Cuando lo descubre, Sellers está convencido de poder materializar espíritus y ahorrar así un montón de dinero a todo el mundo. Mejor dicho, ganar él ese dinero. “Consideremos el ejército, por ejemplo. Actualmente consta de veinticinco mil hombres; gasta veintidós millones al año. Desenterraré a los romanos, haré resucitar a los griegos, proporcionaré al Gobierno, por diez millones al año, diez mil veteranos salidos de las legiones gloriosas de todas las épocas. Soldados que cazarán indios todo el año, montados en caballos materializados, sin costar un céntimo su manutención y desperfectos”. Sí, Mulberry tiene un excelente plan. ¿Que un buscadísimo delincuente (manco) por el que ofrecen una cuantiosa recompensa muere en el incendio de un hotel?

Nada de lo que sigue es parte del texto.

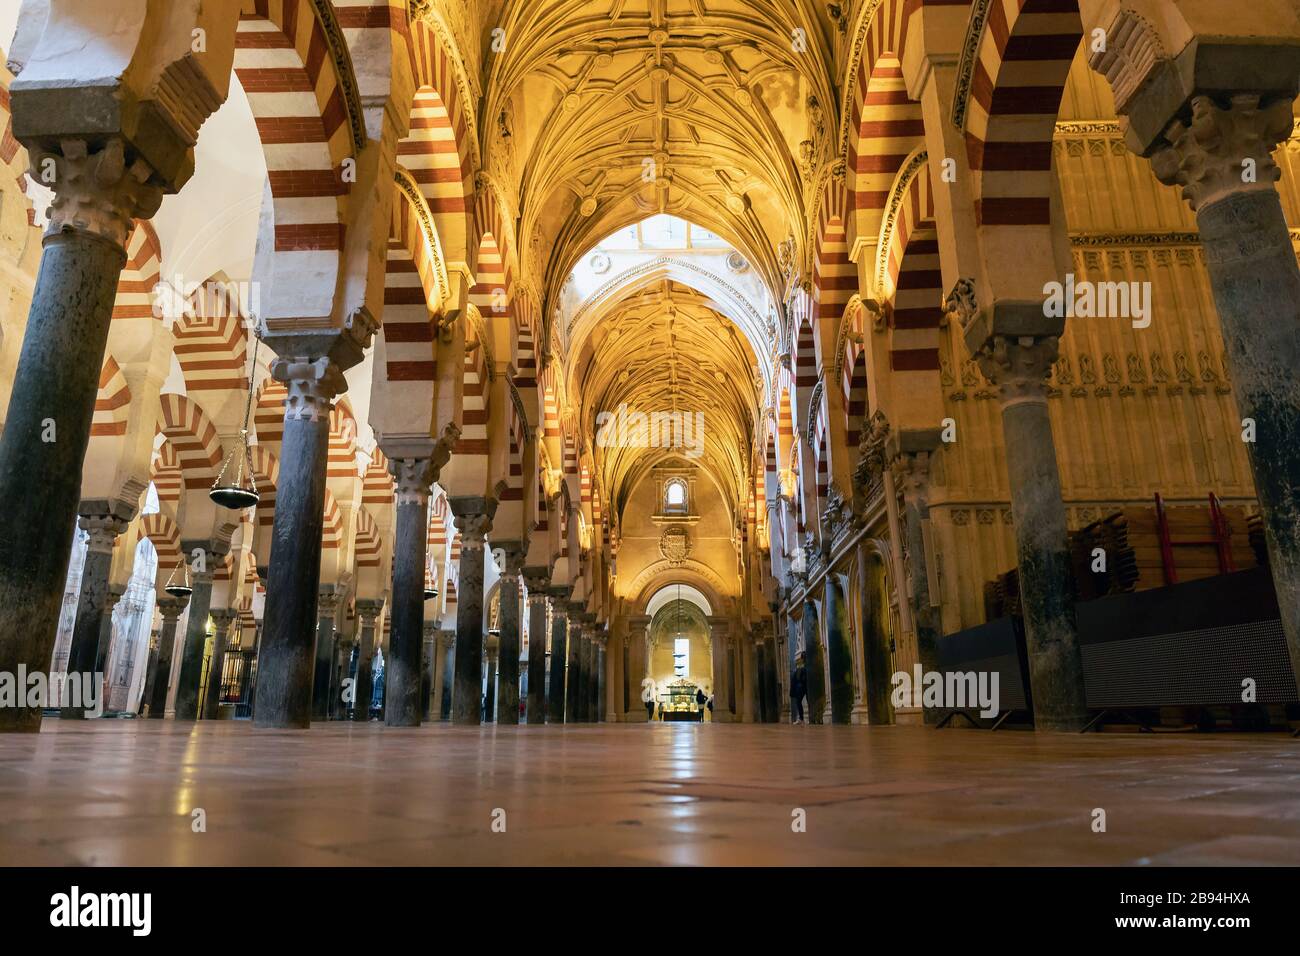 La Mezquita. La Mosquée. Intérieur. Cordoba, province de Cordoba, Andalousie, sud de l'Espagne. Le centre historique de Cordoue est un Heritag mondial de l'UNESCO Banque D'Images

Mulberry se frota las manos y dice: "Lo materializaré y lo llevaré yo mismo hasta comisaría".

El conde americano no es sólo una de las novelas más divertidas de Mark Twain, el hombre que primero fue tipógrafo (de hecho, lo fue durante casi toda su vida, iba de imprenta en imprenta, y aprovechaba para imprimir sus cuentos) y luego padre de Huckleberry Finn y Tom Sawyer (¿por qué esos dos condenados chicos han cubierto de brumosa niebla del Mississipi el resto de la obra de Twain?), sino que fundamenta buena parte de la literatura dispuesta a reírse de casi todo que tipos como Evelyn Waugh retomarían años después, pero no sólo él: en la historia hay un Gran Gadsby, y se escribió un puñado de años antes que la mítica novela de Francis Scott Fitzgerald. Lo que demuestra que, detrás de un gran genio, siempre hay otro aún mayor.

Mark Twain, fotografiado en su casa en plena tarea literaria.